*** Records provided Section Begins ***

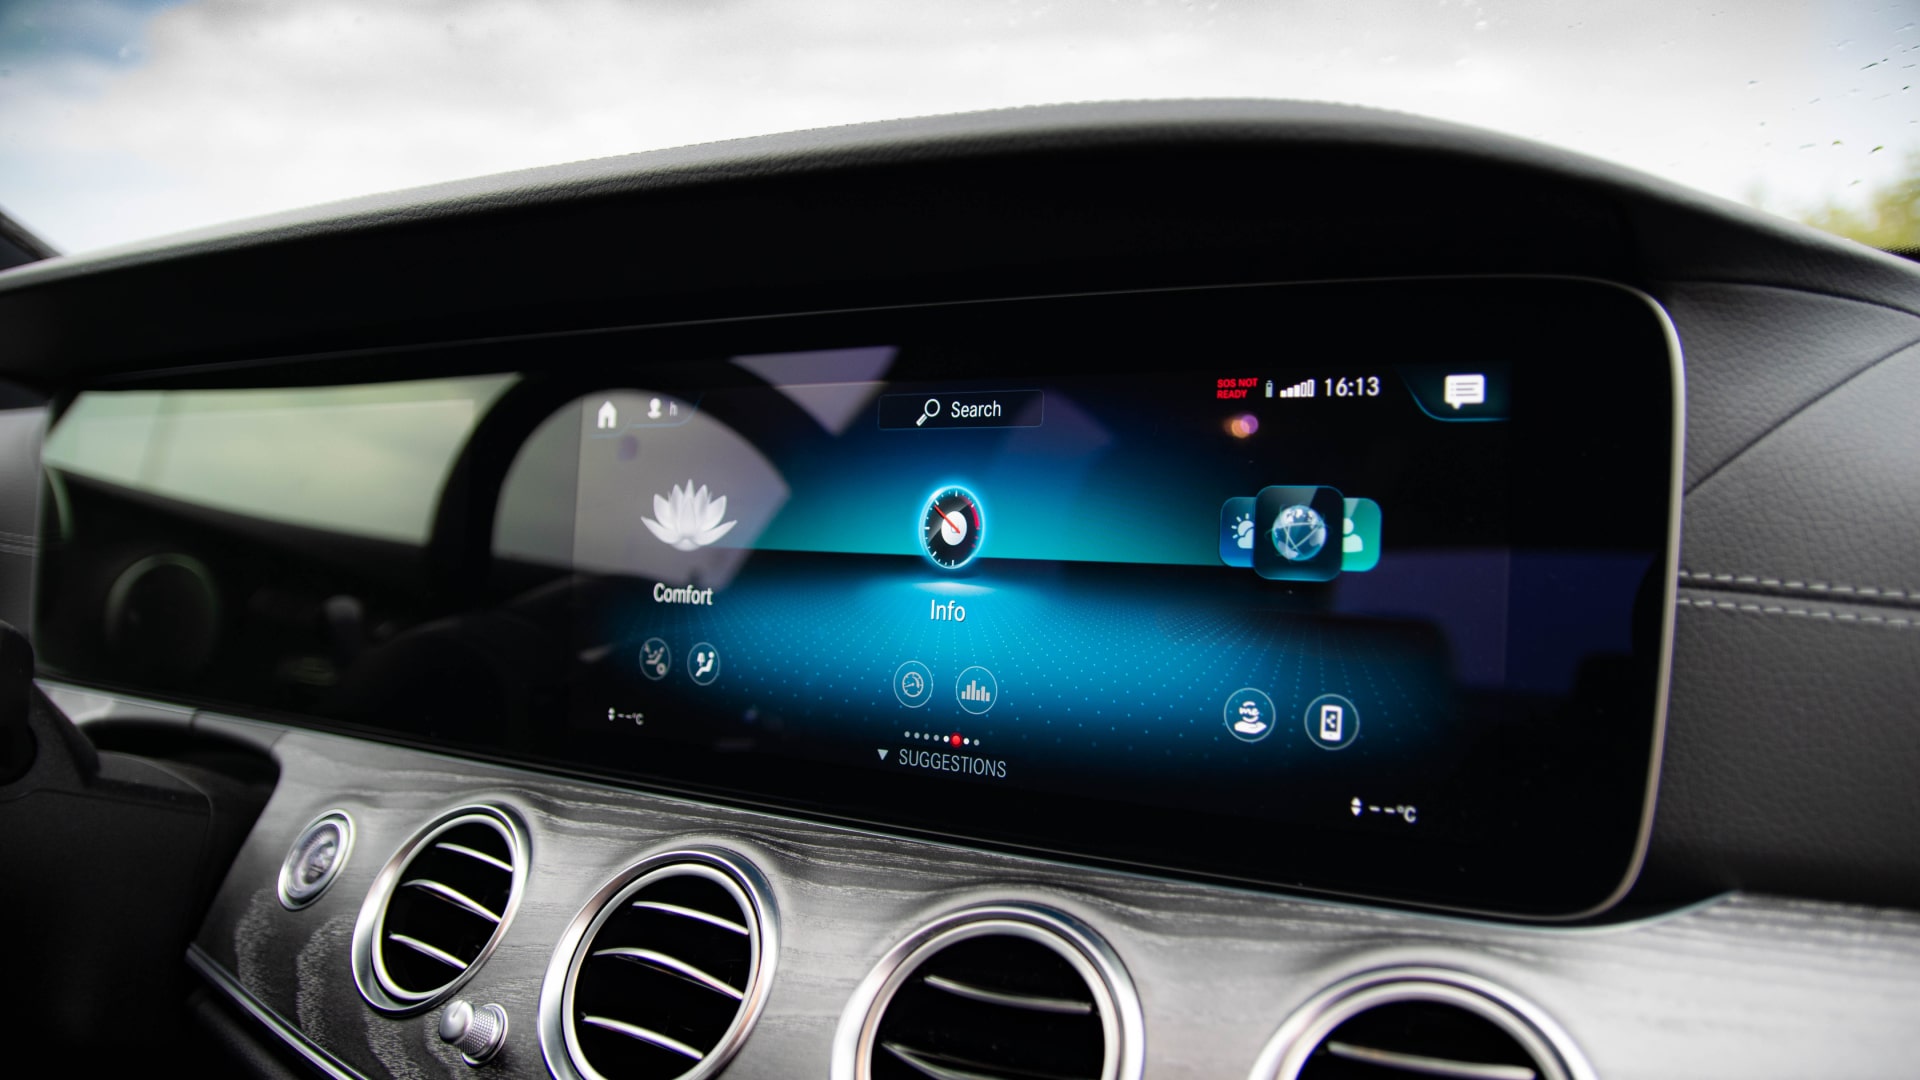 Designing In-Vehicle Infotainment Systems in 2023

*** Records provided Section Ends ***
*** Records provided Section Begins ***

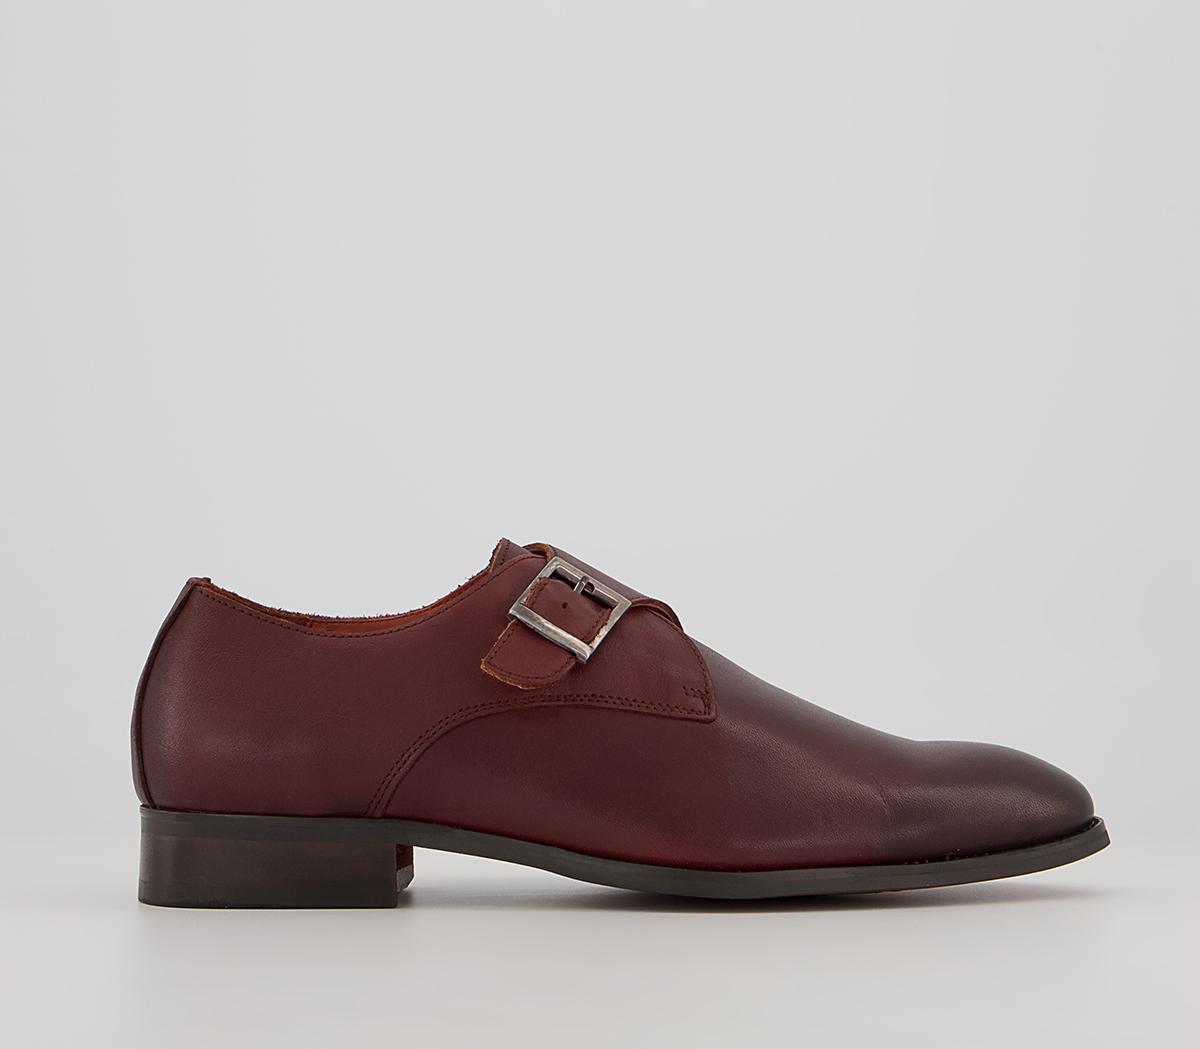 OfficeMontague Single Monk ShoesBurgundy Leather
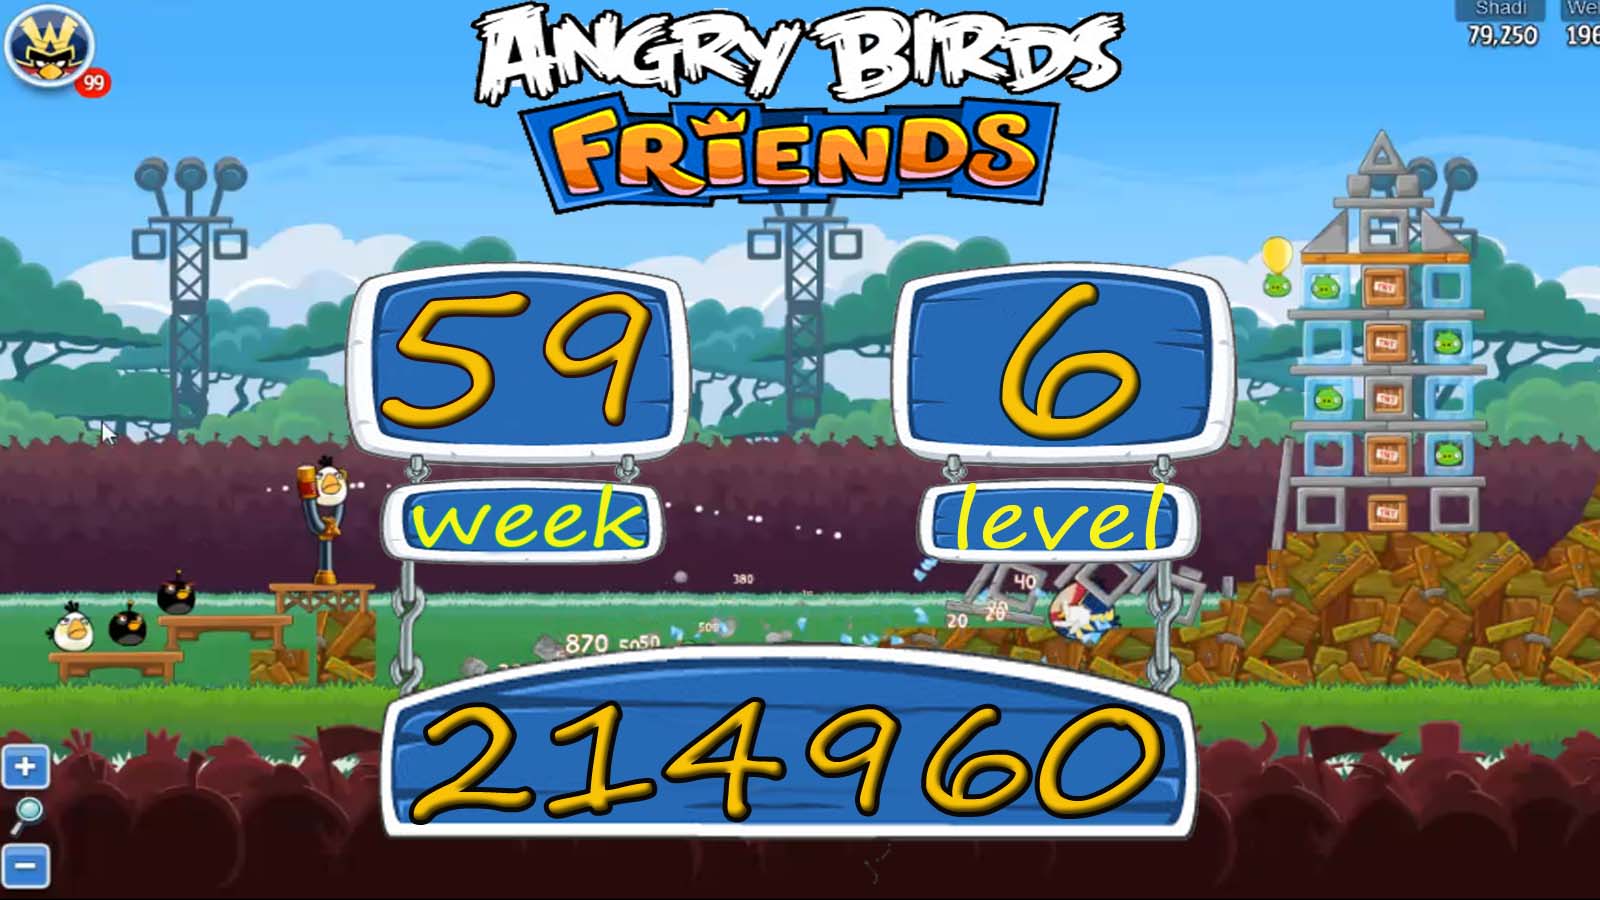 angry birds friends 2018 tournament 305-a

*** Records provided Section Ends ***

Requirement =>
Look above for the line containing "OfficeMontague Single Monk", then copy exactly from it through the line containing "angry birds friends 2018 tournament 305-a", keeping both and leaving out pictures. Add nothing else.

Problem solution =>
 OfficeMontague Single Monk ShoesBurgundy Leather
 angry birds friends 2018 tournament 305-a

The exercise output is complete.